Your task: Only an exact repeat of the listing, without its images, counts as the answer.

Data segment:

▶

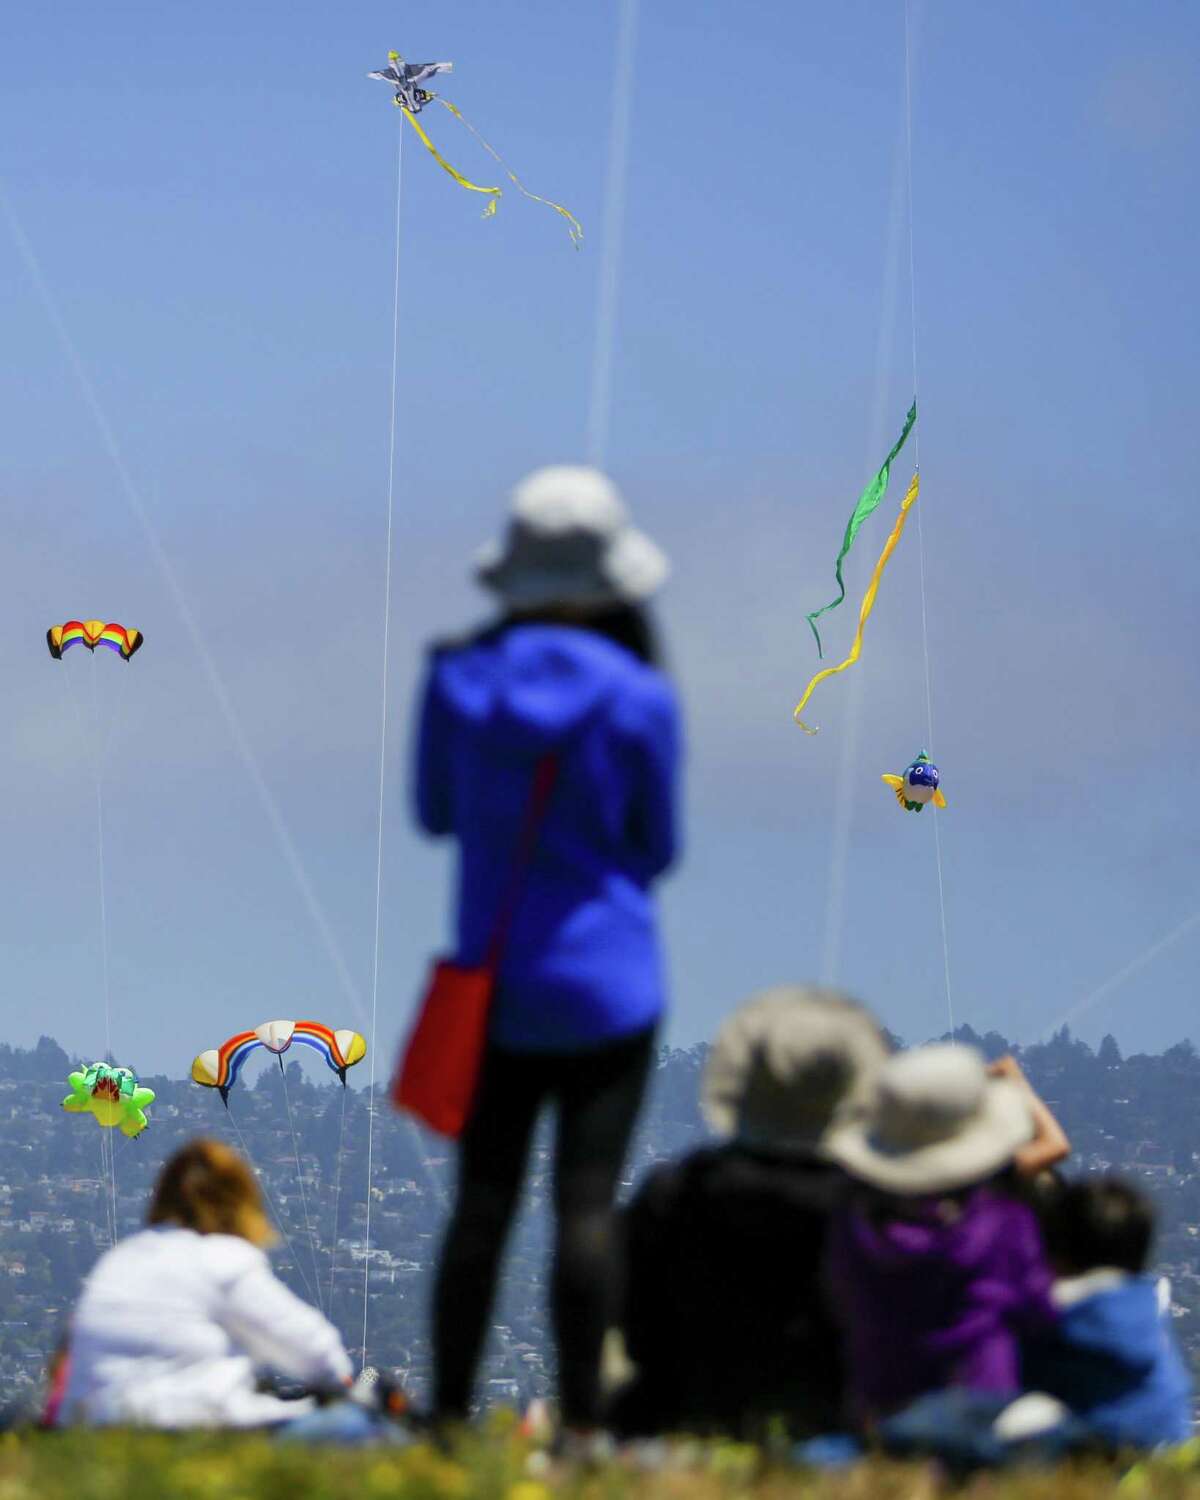 Berkeley’s Kite Festival a chance to enjoy the outdoors
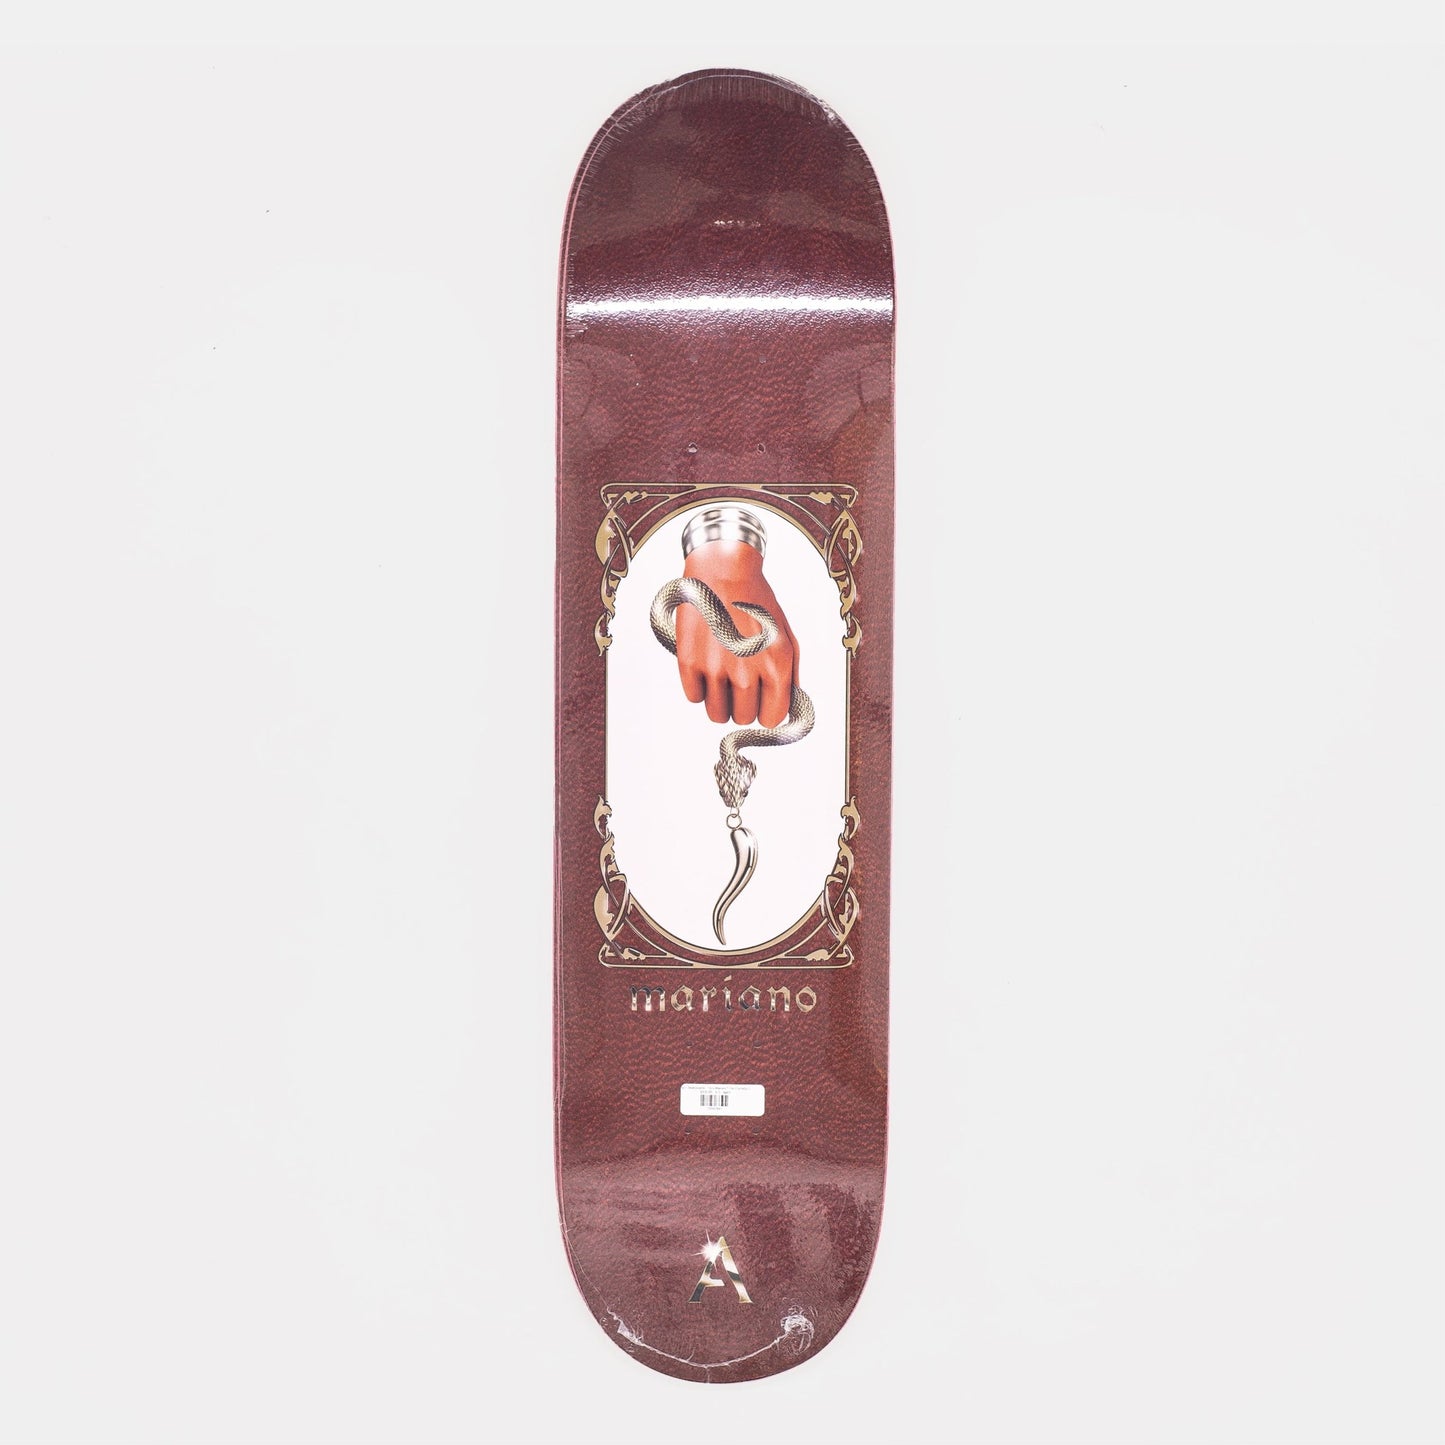 April Skateboards - "Guy Mariano" The Cornetto 2 - Parliamentskateshop
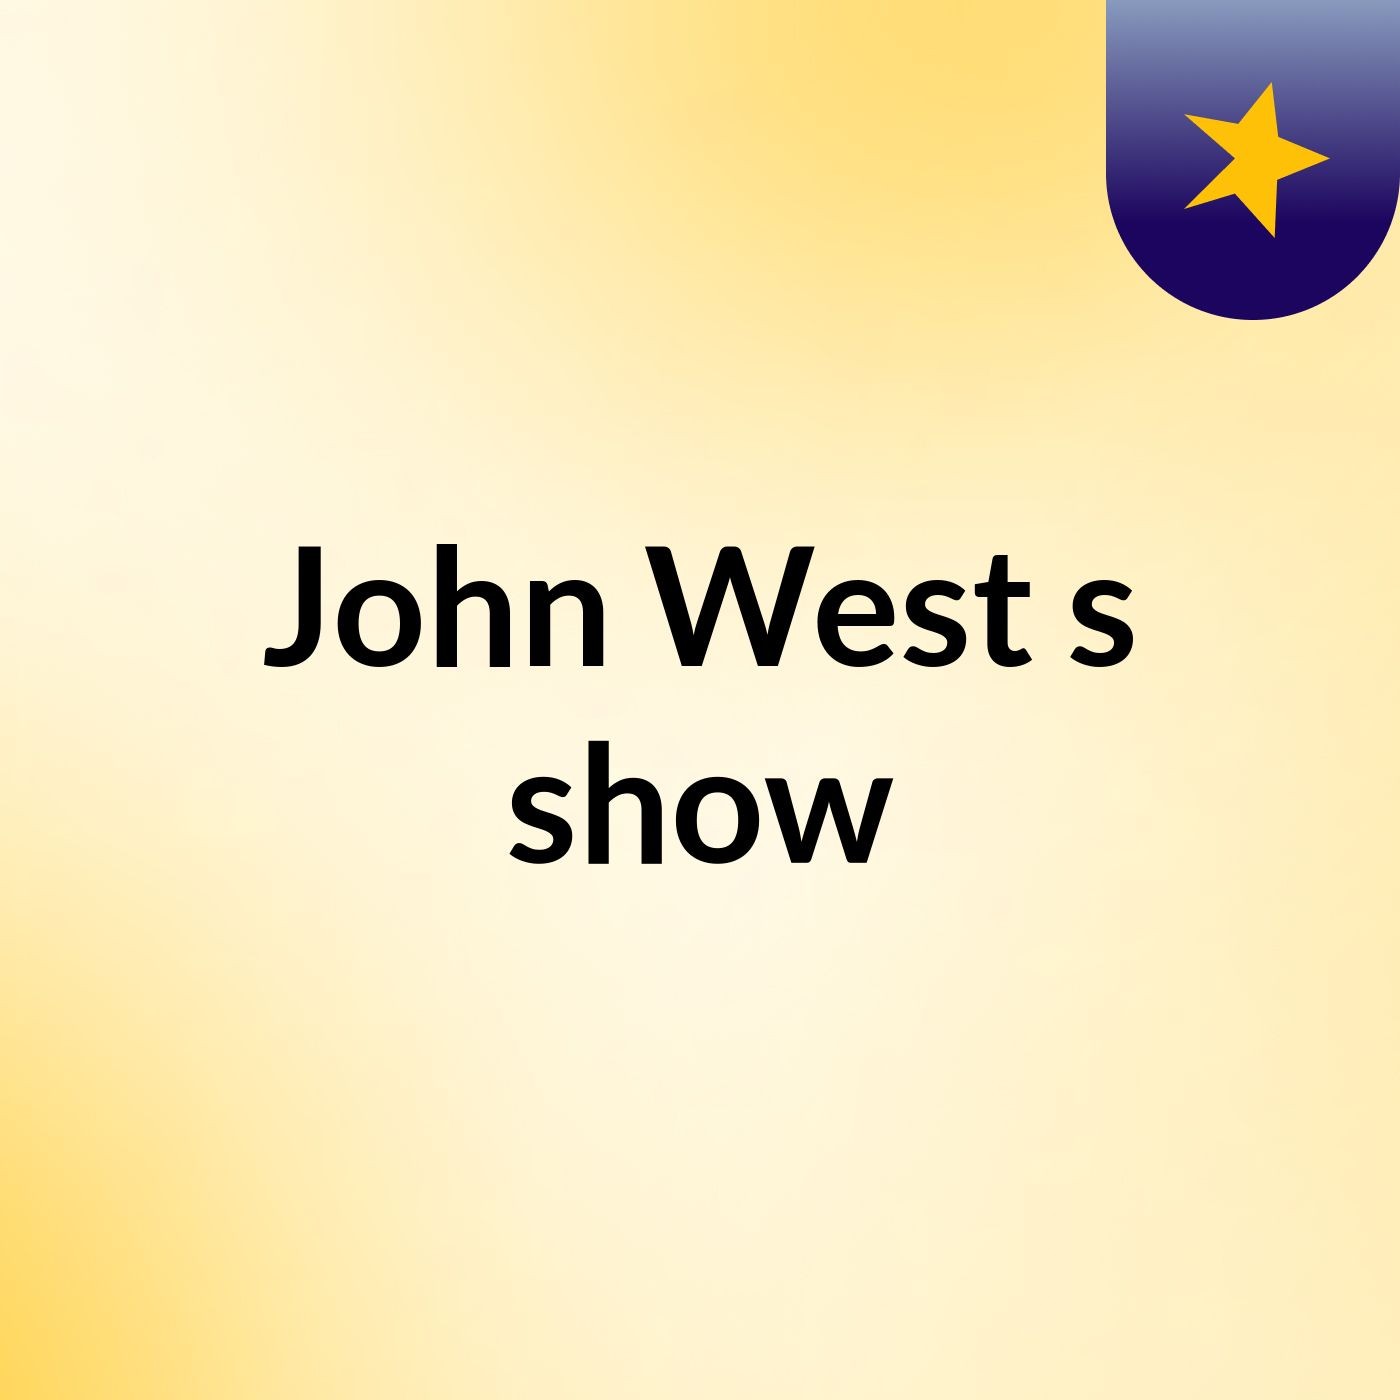 John West's show

◀

Reply to the exercise:
 Berkeley’s Kite Festival a chance to enjoy the outdoors
 April Skateboards - "Guy Mariano" The Cornetto 2 - Parliamentskateshop
 John West's show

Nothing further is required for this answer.